# Cage Lining?



## xoniac (Dec 2, 2011)

Hey everyone,

I have a Martin's R-680 for my two boys. They have tons of toys and such but I can't help but notice that it looks pretty.... boring compared to some of the other cages I see on here. I was wondering if anybody knows where I can get/buy liners and accessories that will specifically fit my cage. I can usual only find people who make hammocks or hang-on corner shelves and the likes, but to find actual washable shelf and floor liners.... I'm at a loss. Right now, I simply use care fresh and brown felt on he shelves (as I had a surplus of it laying around). However, the felt tends to holds urine really, really easy and stiffens up pretty solid.... then it's disgusting and smells and has to be replaced, and that's just not cool. 

Anyone?


----------



## CarrieD (Nov 20, 2011)

You can try the marketplace on this forum or you can try here, it's about the only place I've seen custom liners for Martins, and they look pretty reasonably pirced.


----------



## xoniac (Dec 2, 2011)

Awesome! Will have to check it out! Thanks!


----------



## CarrieD (Nov 20, 2011)

You're very welcome, good luck! I don't have that cage, so don't have any homier ideas to pass along.
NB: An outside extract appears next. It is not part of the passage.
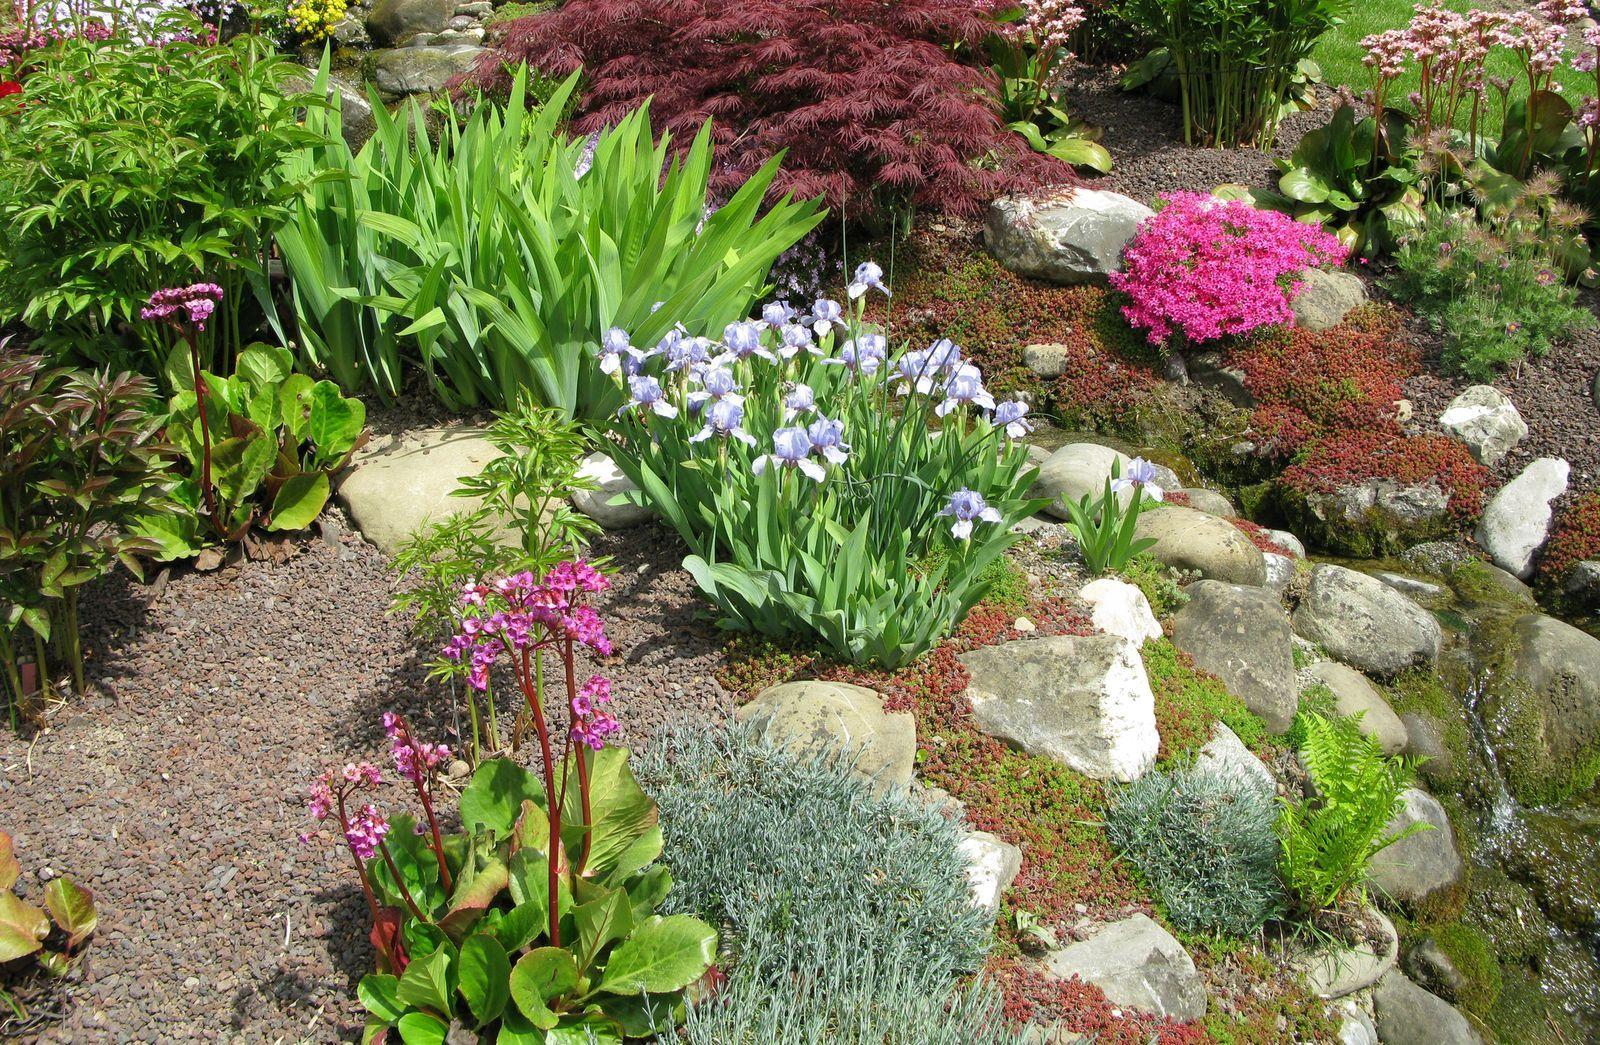 How To Create A Rock Garden In 2020 Rock Garden Plants Landscaping With Rocks Rock Garden Design
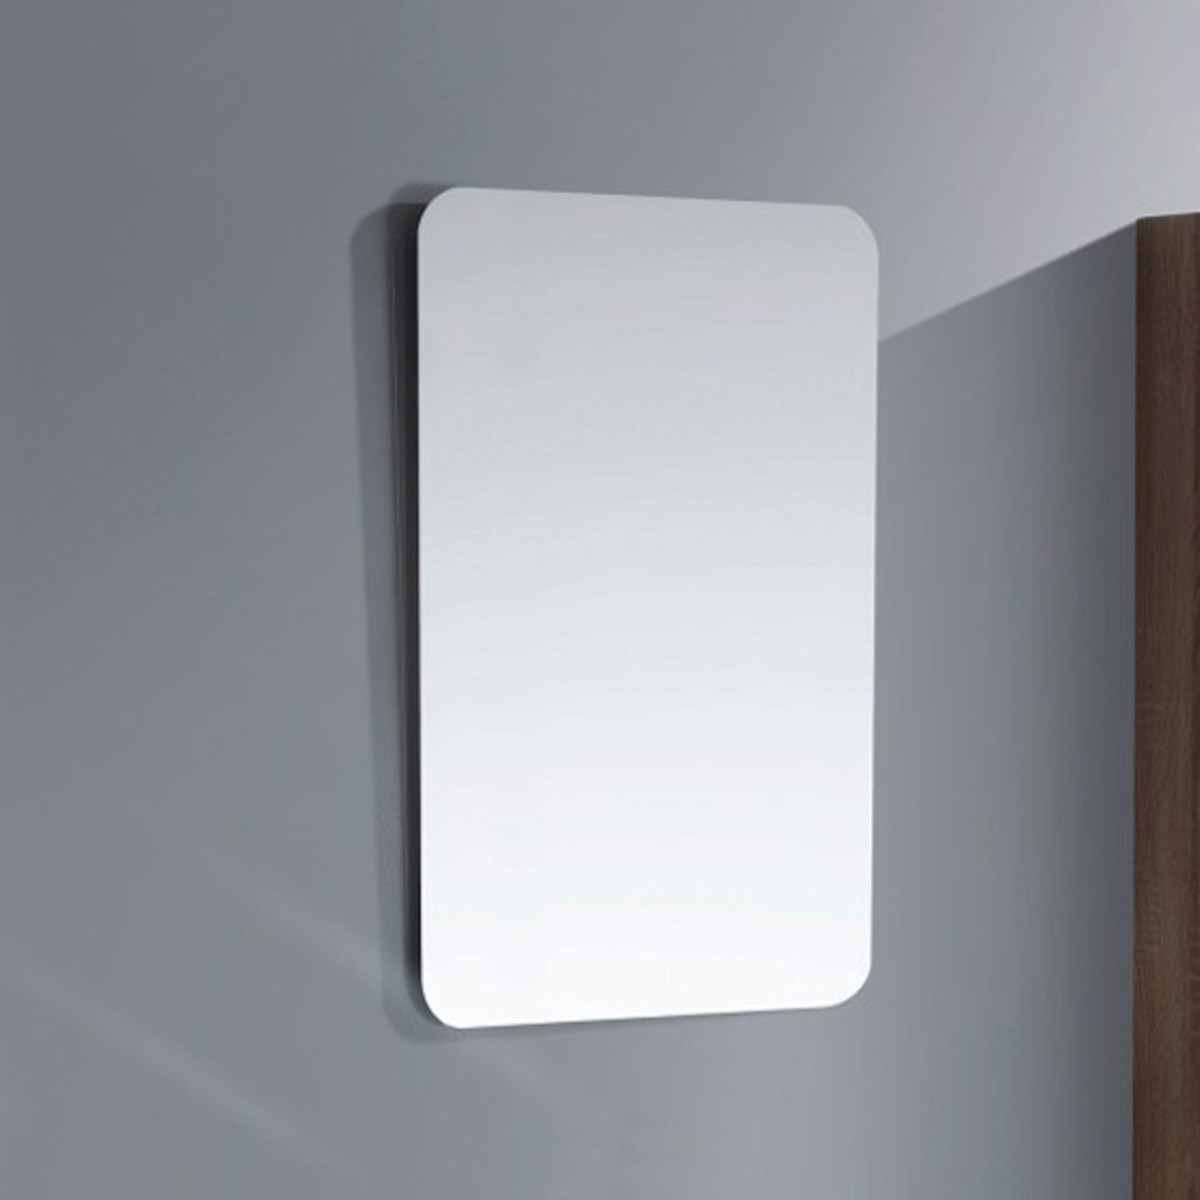 20 x 30 In. Bathroom Vanity Mirror (MYF6002-M)

I'll be someone will, though.


----------



## Heathcliffe&Darcy (Feb 2, 2012)

Buying a few yards of fleece and cutting it to size works well, also. We had some around the house that we used when we got our two boys a few days ago.


----------



## xoniac (Dec 2, 2011)

True, I could do that. 
The sets others are making are so pretty and nice though!
Hm....


----------



## EleashaC (Jan 30, 2012)

I've made all my own cage liners, hammocks, etc, and it's been surprisingly easy. I've barely every sewed before, and I've been doing it all by hand, but there are some really useful tutorials in the sticky posts, and scattered throughout the regular posts. For my fabric, I went to a thrift store and bought all their thick fleece bathrobes, then headed over to Walmart and picked up a couple of those pre-cut packages of regular cloth-- the ones I buy come in 18"x24", I think. There are some really nice patterns to pick through. Just slap them together (don't forget to fasten the ties on the correct side-- something I was taught the hard way).


----------